Итак, Анита тем или другим способом надевала себе на голову шляпу, а затем время от времени снимала ее и приближалась к одному из зрителей, словно собираясь надеть ее на него. Однако при первом движении того, кто уже мнил себя счастливым избранником, к этому знаку благосклонности танцовщица поворачивалась на месте и одним прыжком оказывалась в другой стороне круга, заигрывая точно так же с кем-нибудь другим, кому предстояло быть обманутым, подобно своему предшественнику;
и каждый раз, когда случался такого рода обман, сударыня, раздавался смех, слышались овации и оглушительные «браво», способные обрушить зал, и это было справедливо, ибо, надо сказать, никогда мотылек, пчелка или сумеречная бабочка, слегка касающиеся своим хоботком цветов на клумбе, не перелетали от одного к другому с большим проворством, изяществом и большей непредсказуемостью, чем Анита. Поскольку я был королем празднества, сударыня, то в конце концов шляпа была возложена на мою голову, надо сказать к моему величайшему смущению, ибо было непонятно, как отблагодарить танцовщицу, которой нельзя даже поцеловать ручку.

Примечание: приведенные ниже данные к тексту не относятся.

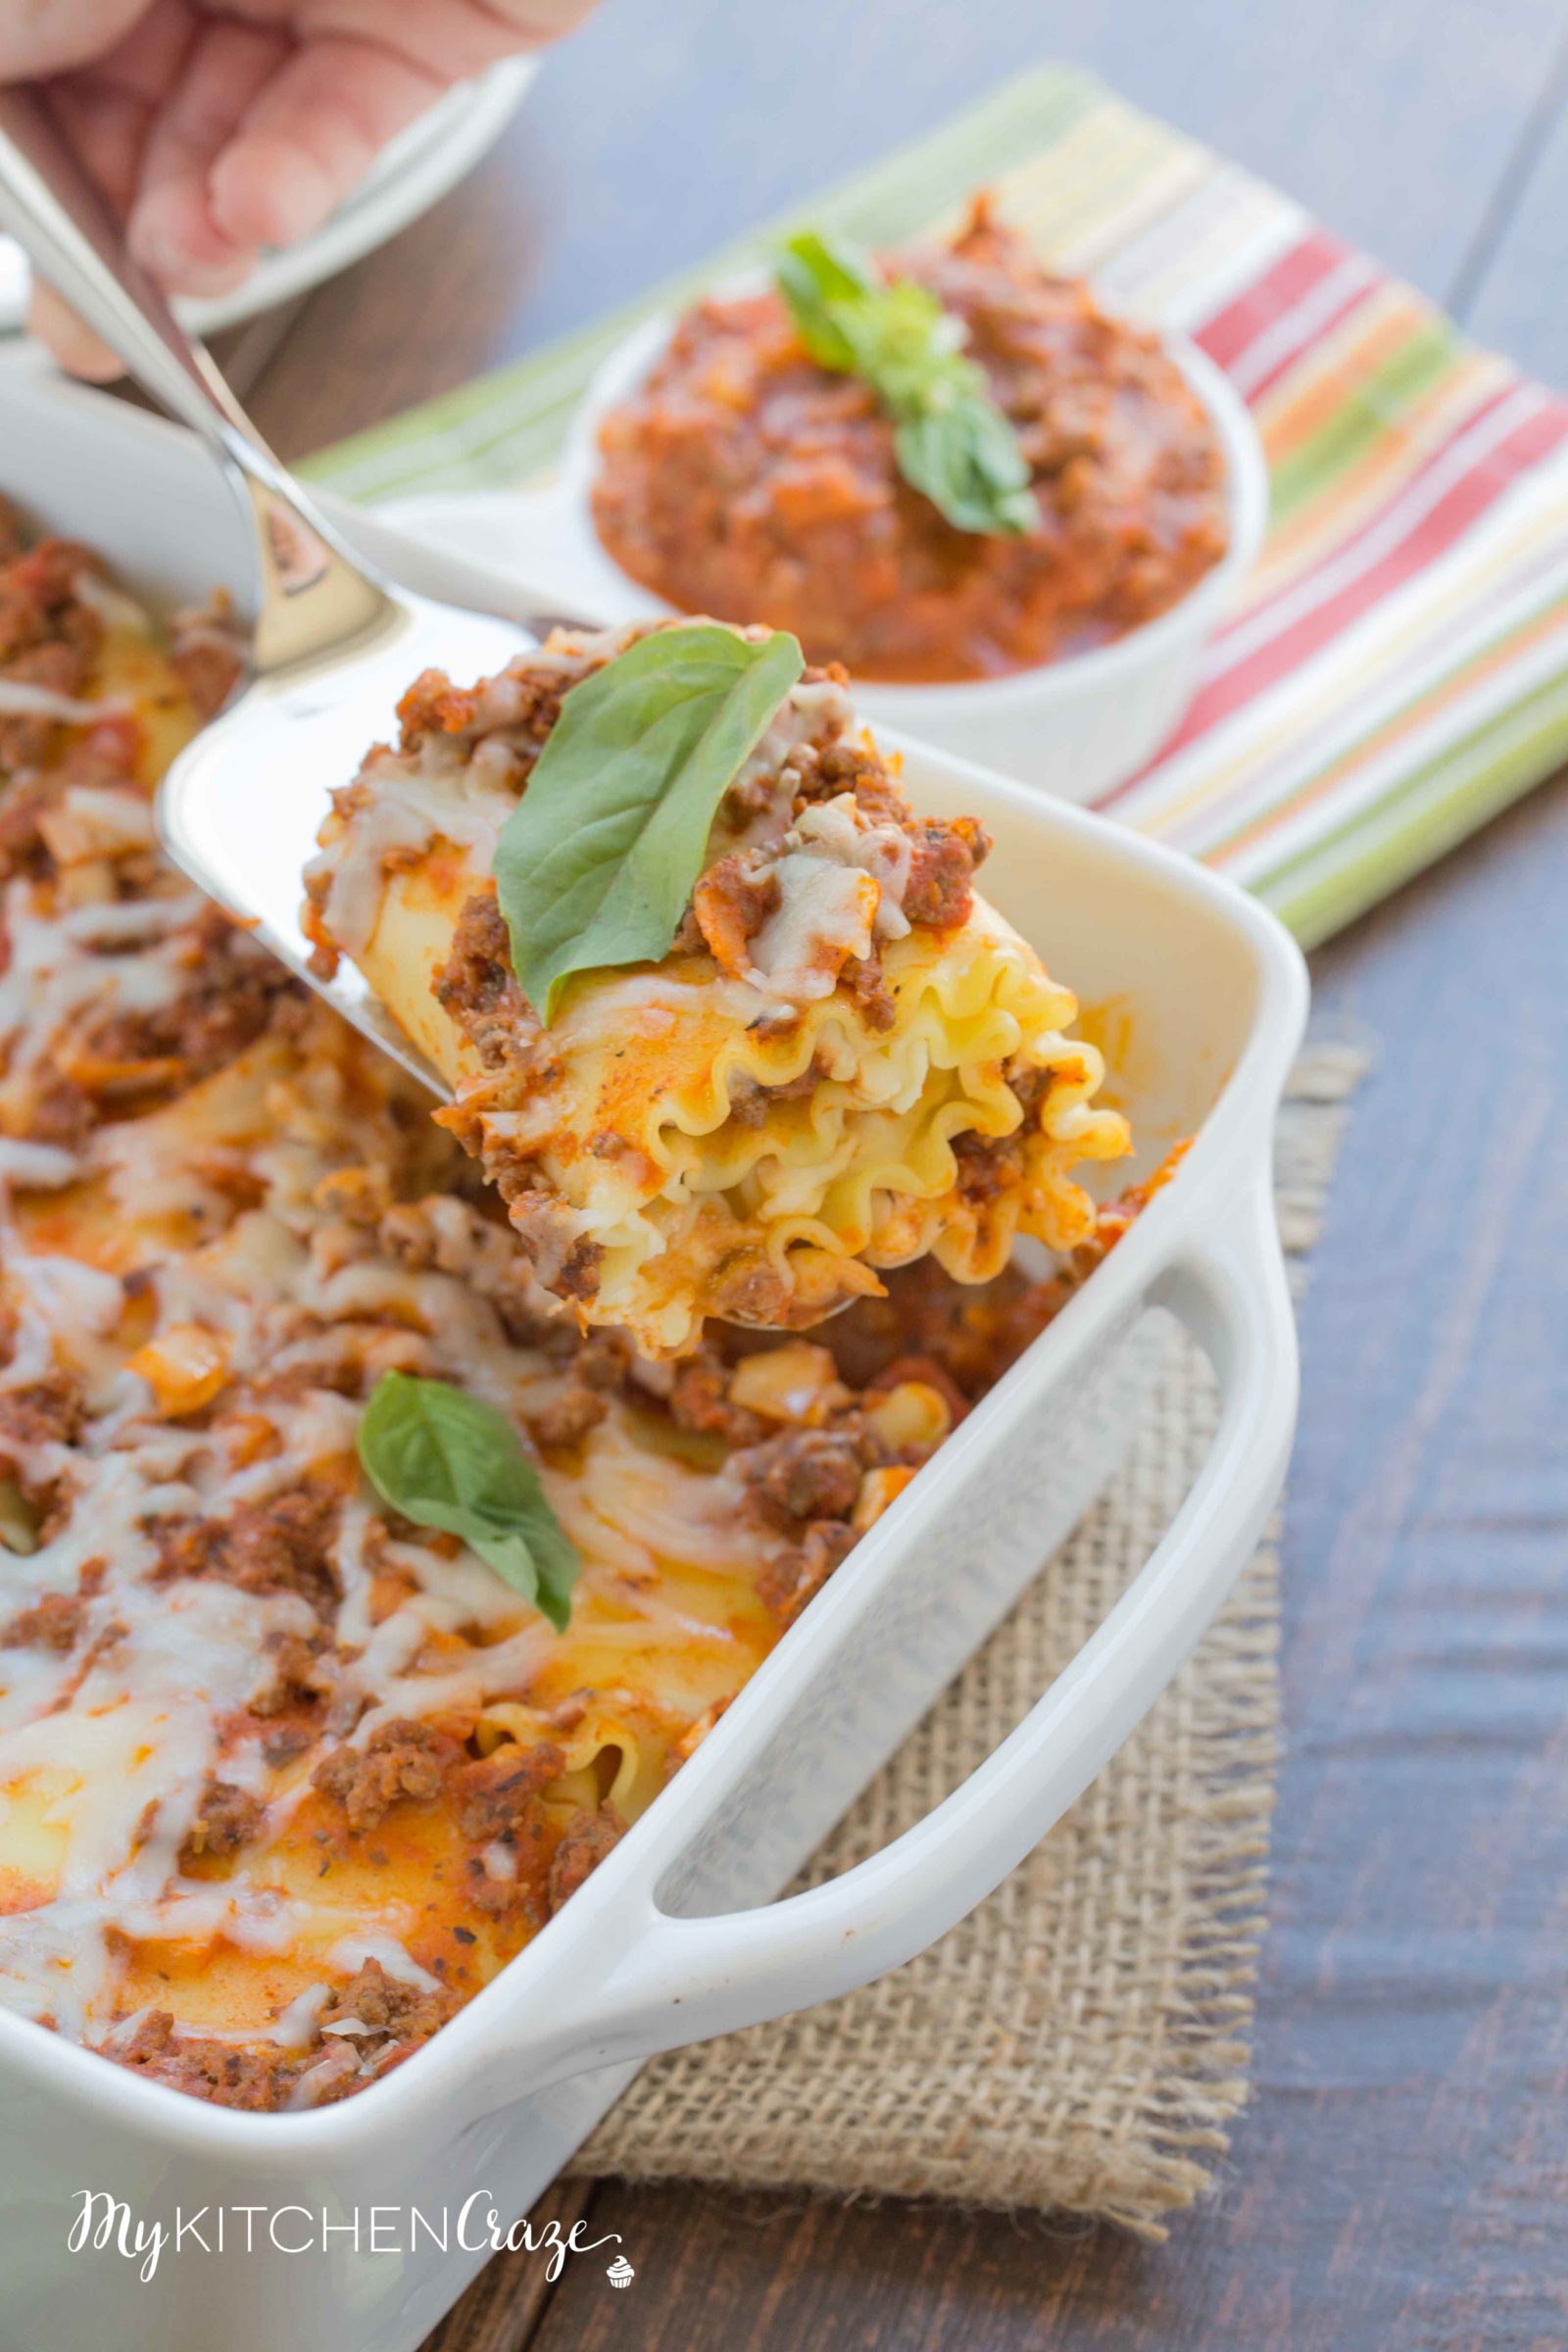 Lasagna Roll-Ups ~ mykitchencraze.com ~ A fun twist and easy way to make lasagna. These roll-ups are filled with everything you'd put in your lasagna, but better. The family will love them!

Наступил короткий перерыв, в течение которого Анита среди восторженных рукоплесканий присутствующих принимала похвалы. По-видимому, самое большое удовольствие от похвал она получала, когда ее называли очень пикантной, s а 1 a d а. Я повторил ей тот же комплимент, не найдя другого способа отблагодарить ее. Тем временем к выступлению готовилась Пьетра, и чем больше она привлекала к себе общее внимание, тем короче становилось царствование ее соперницы. Послышались два-три выкрика: «Вито! Вито!» Все голоса повторяли: «Вито!» Я присоединился к ним, даже не понимая, что означает моя просьба. Пьетра вошла в середину круга.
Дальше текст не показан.